### TASK TO COMPLETE
Produce an exact transcription of the listing below, omitting the pictures.

### DATA SECTION
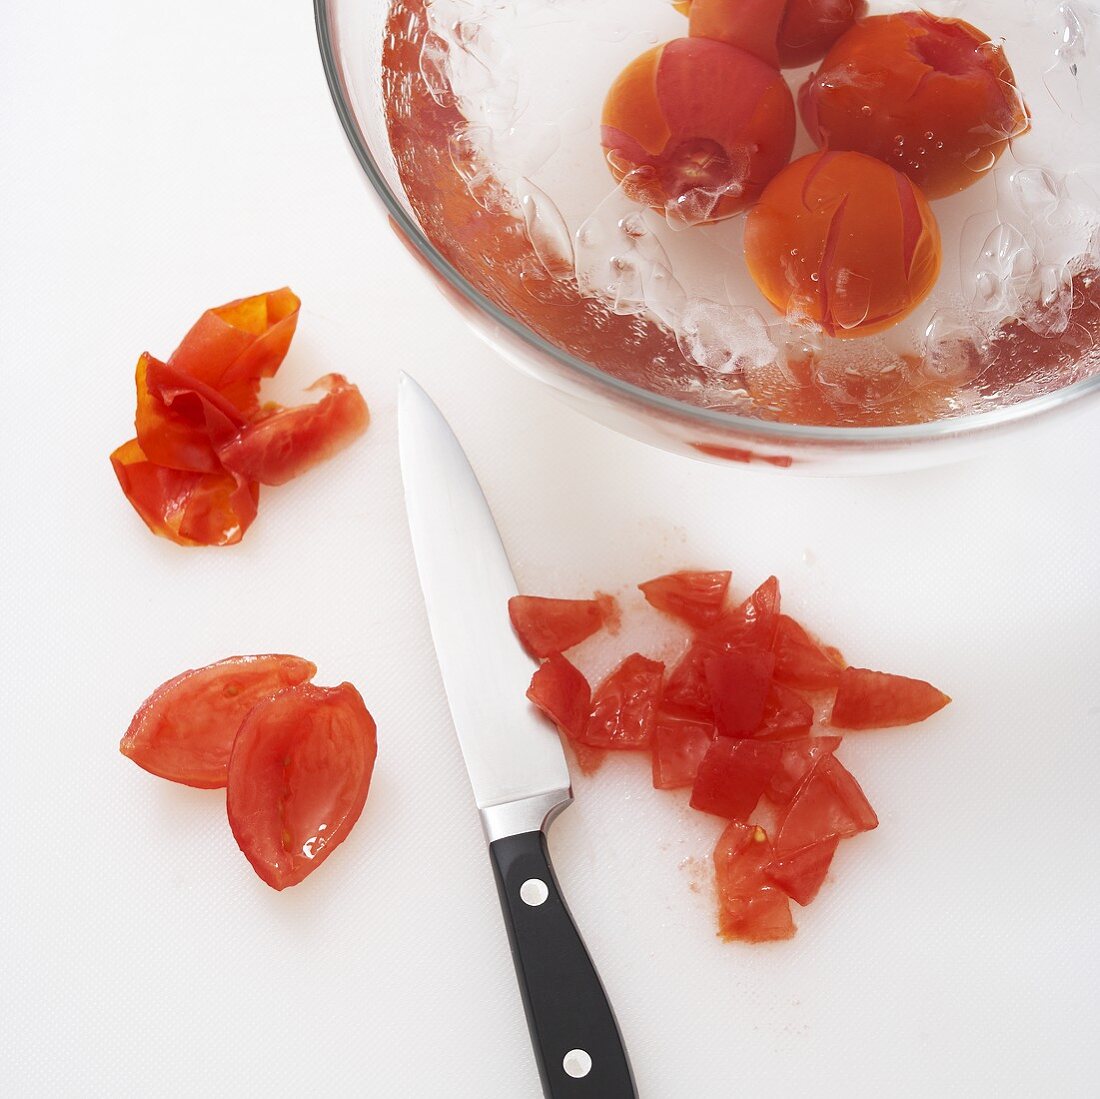 Dicing blanched tomatoes
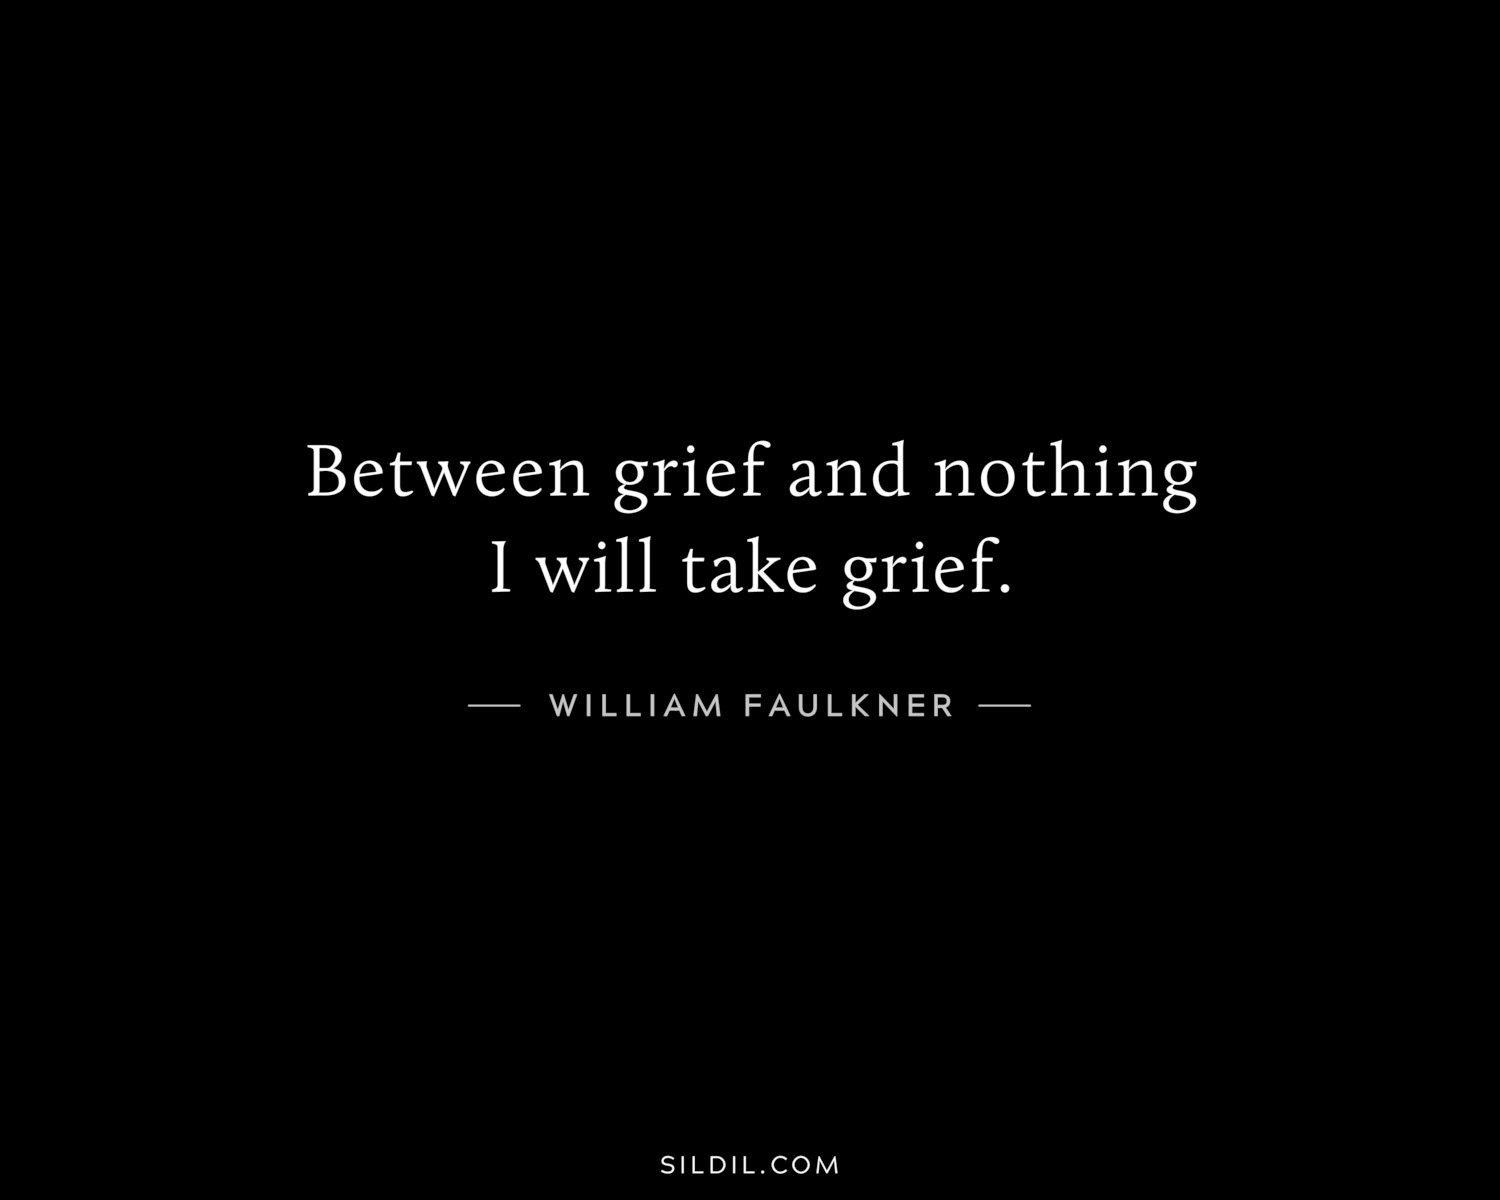 Between grief and nothing I will take grief.
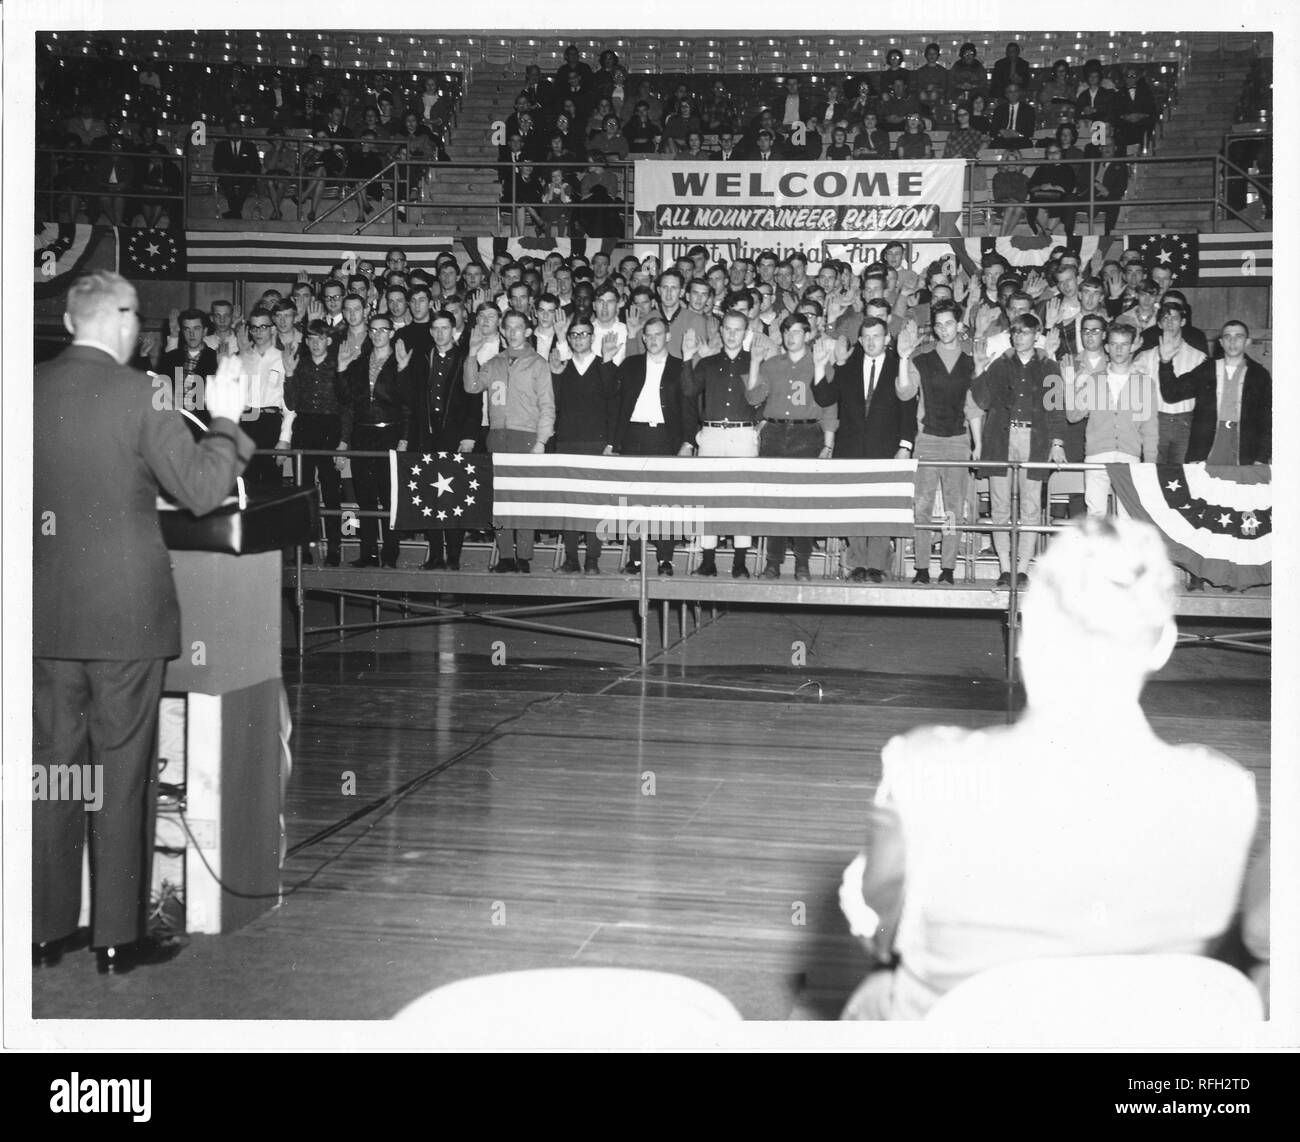 Black and white photograph of a group of young men, likely US military recruits, wearing civilian clothing, standing together on bleachers or stands in an auditorium, and raising their right hands to pledge, with older men and women seated in the upper risers, a large sign in the background with the text 'Welcome, All Mountaineer Platoon, West Virginia's Finest, ' with the back of a seated man visible in the right foreground, and a uniformed man, leading the pledge from a podium in the left foreground, photographed during the Vietnam War, 1967. () Stock Photo

### REPLY
 Dicing blanched tomatoes
 Between grief and nothing I will take grief.
 Black and white photograph of a group of young men, likely US military recruits, wearing civilian clothing, standing together on bleachers or stands in an auditorium, and raising their right hands to pledge, with older men and women seated in the upper risers, a large sign in the background with the text 'Welcome, All Mountaineer Platoon, West Virginia's Finest, ' with the back of a seated man visible in the right foreground, and a uniformed man, leading the pledge from a podium in the left foreground, photographed during the Vietnam War, 1967. () Stock Photo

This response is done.